» **Data below**:

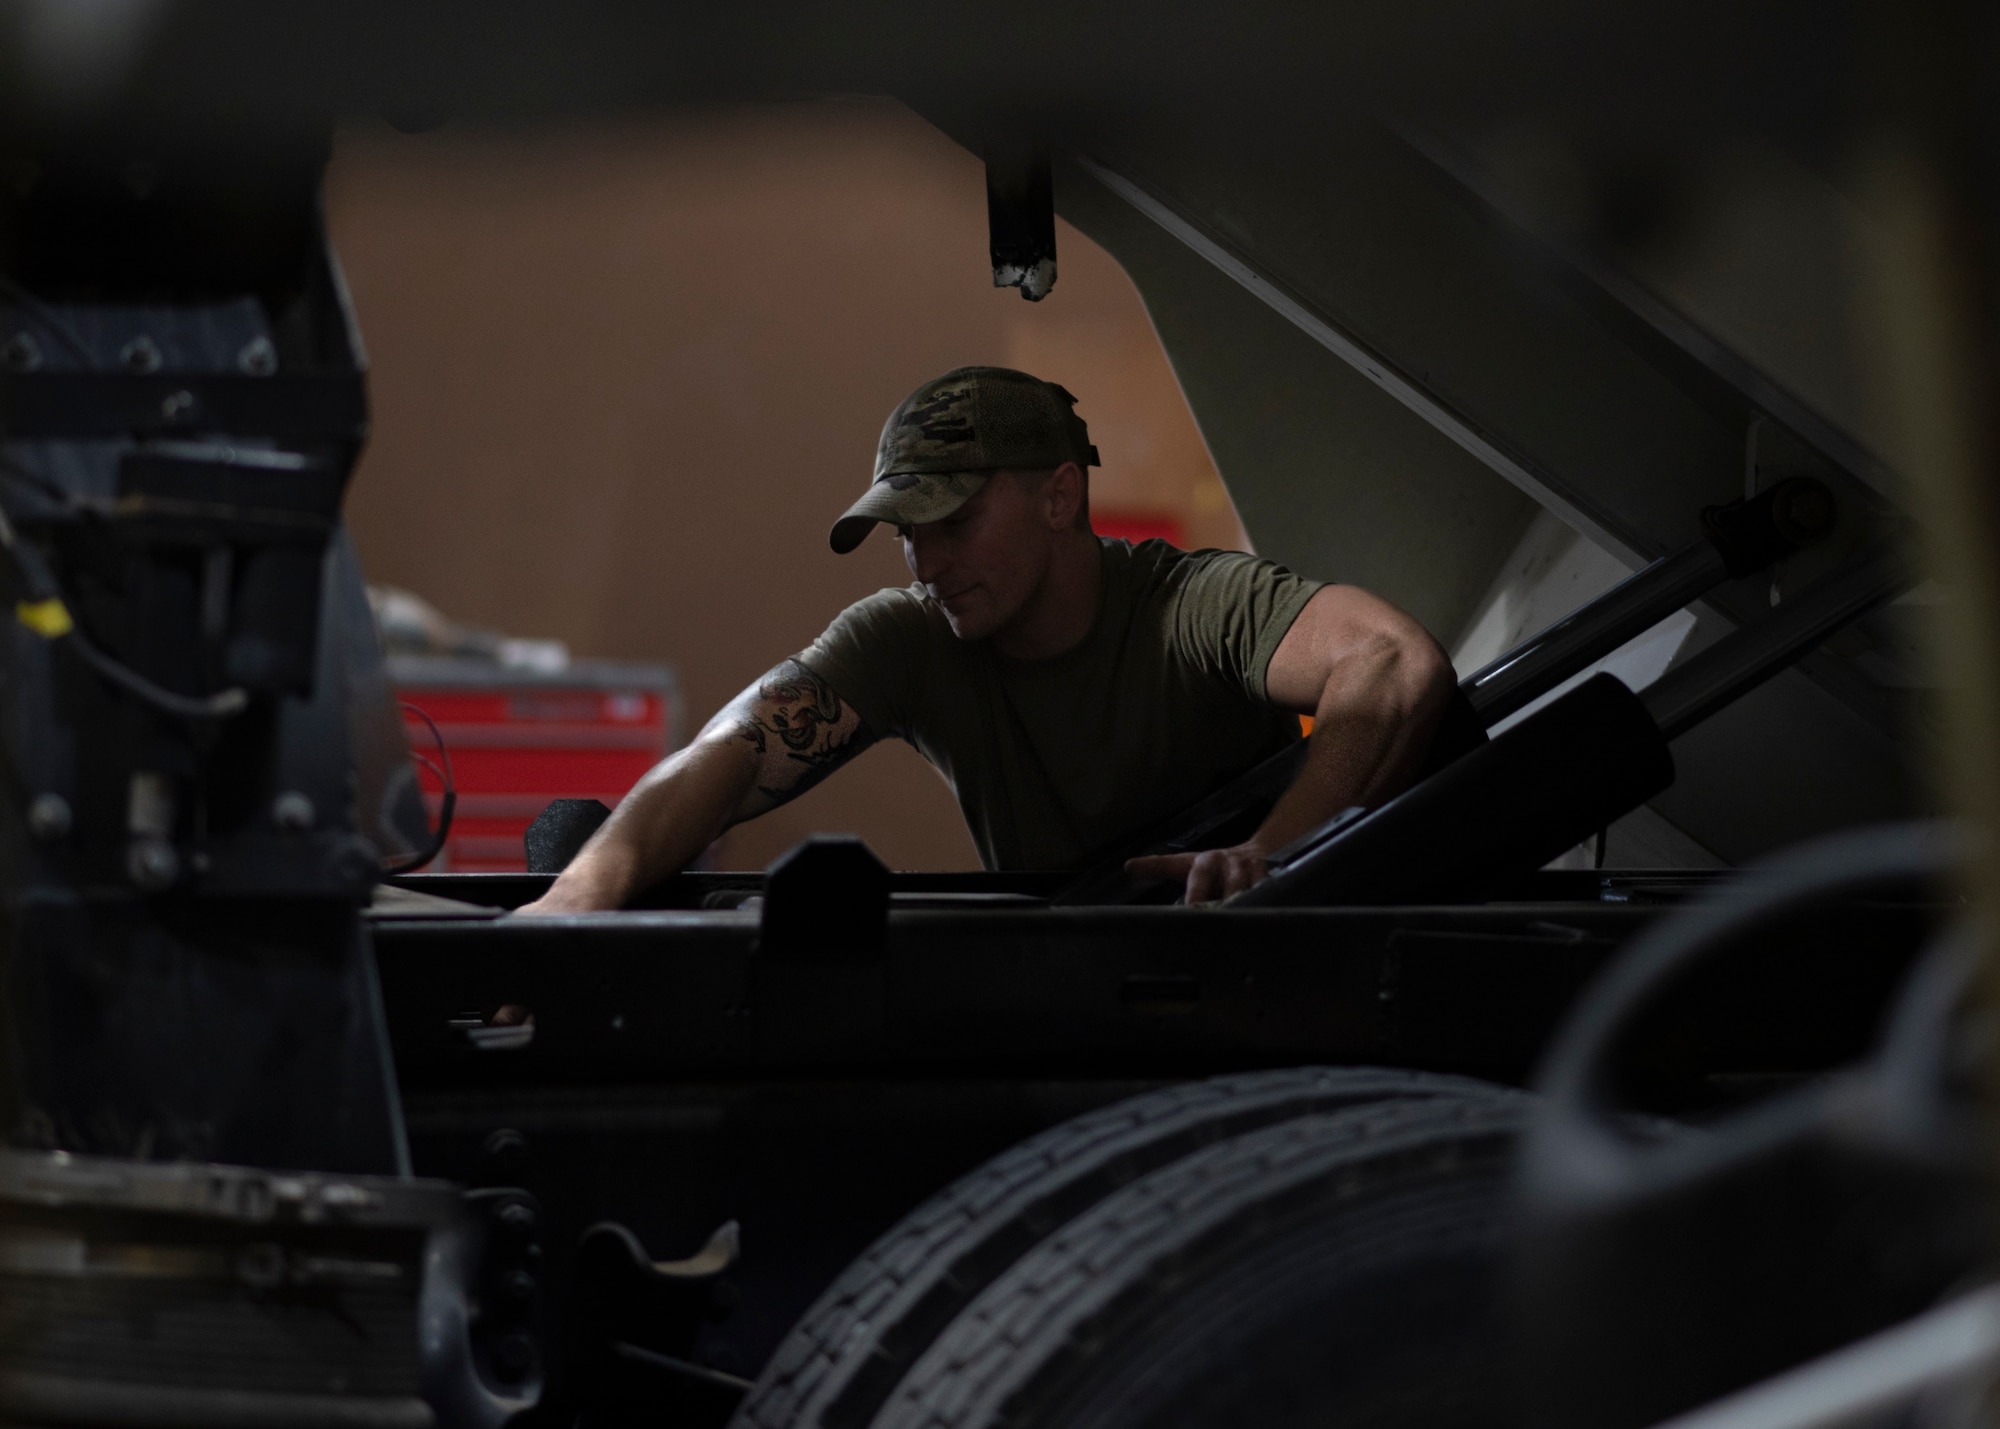 Airman 1st Class Mitchell Dise, a 386th Expeditionary Logistics Readiness Squadron vehicle maintenance technician, works on the sub-frame of a Tornado sweeper truck at Ali Al Salem Air Base, Kuwait, Nov. 8, 2021. The 386th ELRS vehicle management flight and the 386th Expeditionary Maintenance Squadron metals technology collaborated to repair this truck to combat foreign object debris on the flightline. (U.S. Air Force photo by Staff Sgt. Ryan Brooks)
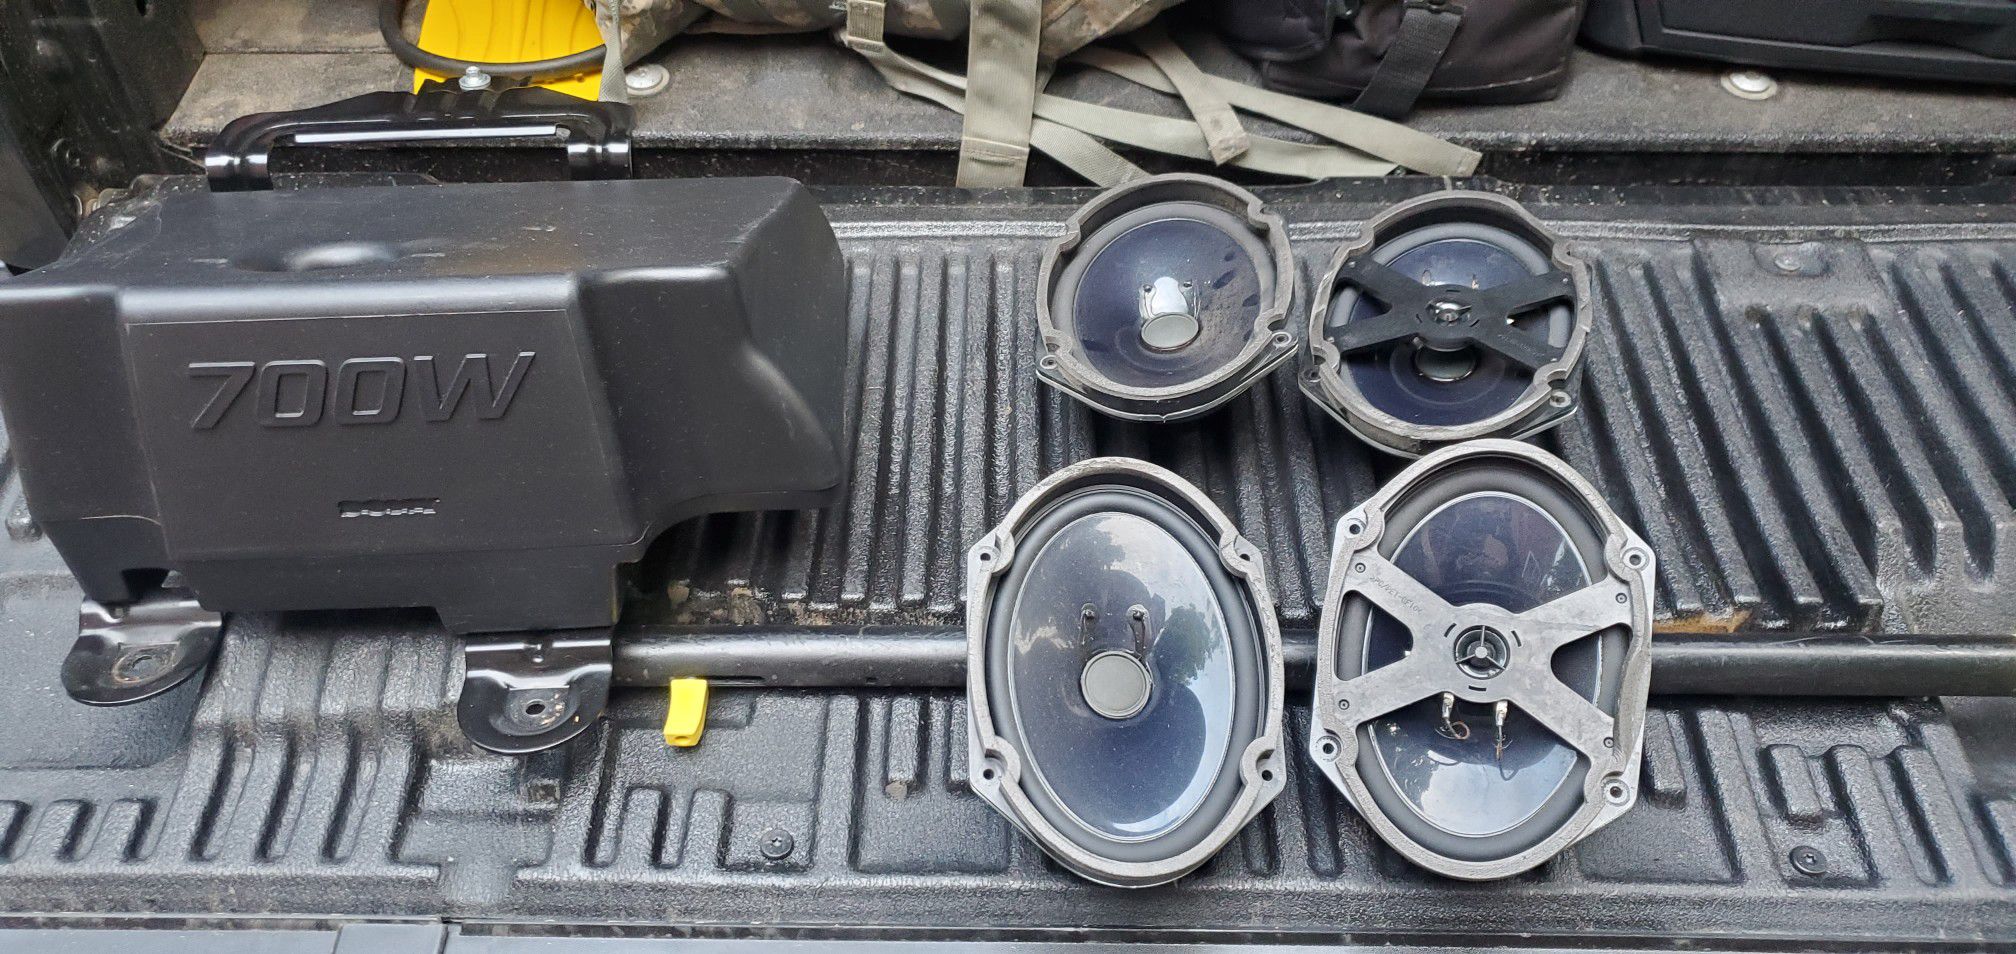 Upgraded SONY sound system for a f150
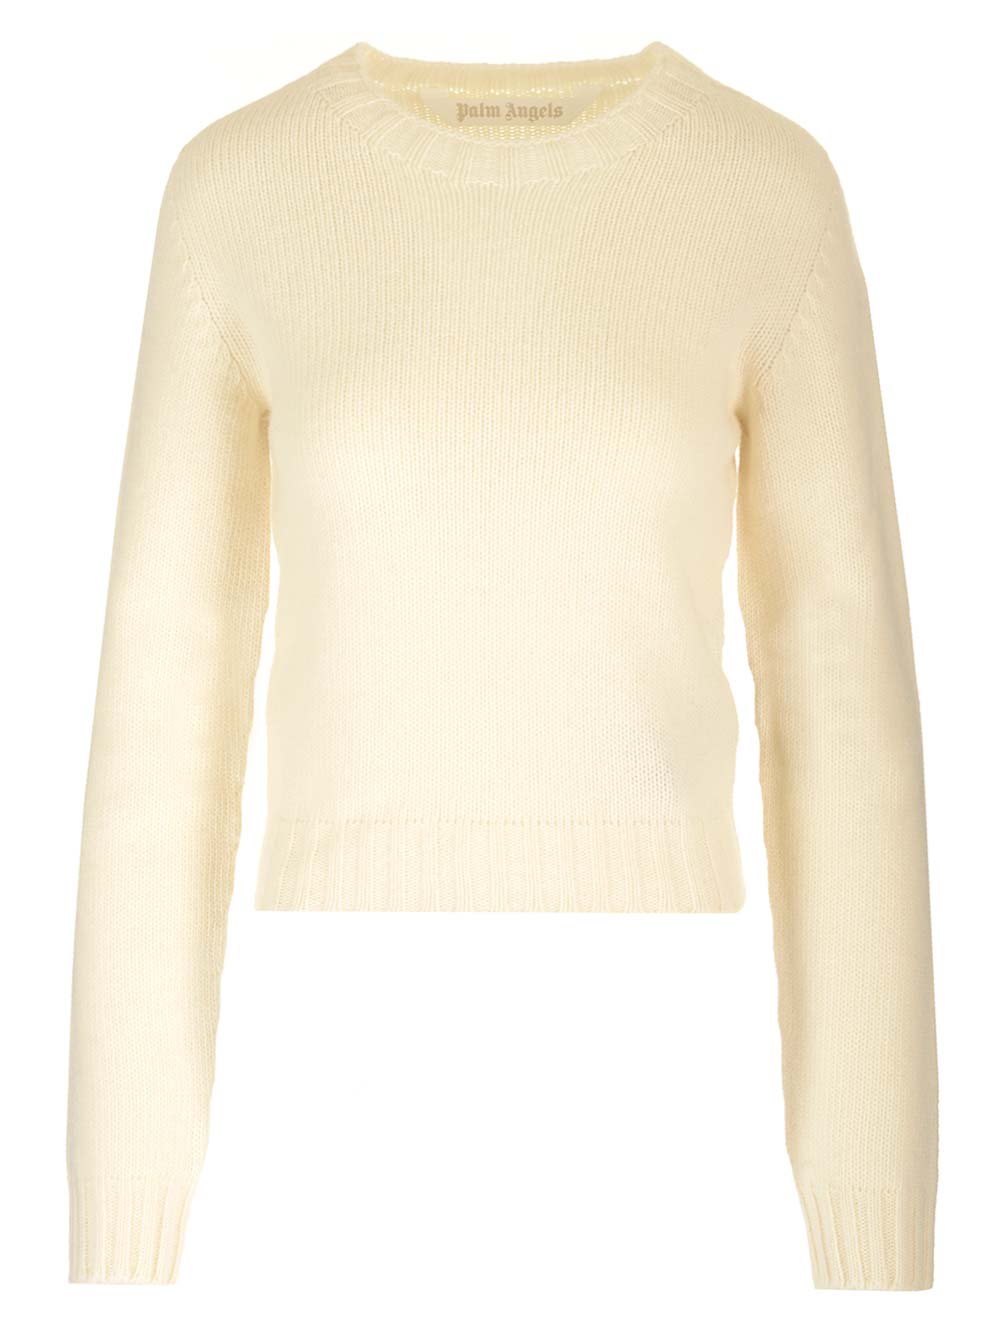 PALM ANGELS IVORY SWEATER WITH BACK LOGO

» **Task item**:
Without including any pictures, reproduce the listing exactly.

» **Task answer**:
 Airman 1st Class Mitchell Dise, a 386th Expeditionary Logistics Readiness Squadron vehicle maintenance technician, works on the sub-frame of a Tornado sweeper truck at Ali Al Salem Air Base, Kuwait, Nov. 8, 2021. The 386th ELRS vehicle management flight and the 386th Expeditionary Maintenance Squadron metals technology collaborated to repair this truck to combat foreign object debris on the flightline. (U.S. Air Force photo by Staff Sgt. Ryan Brooks)
 Upgraded SONY sound system for a f150
 PALM ANGELS IVORY SWEATER WITH BACK LOGO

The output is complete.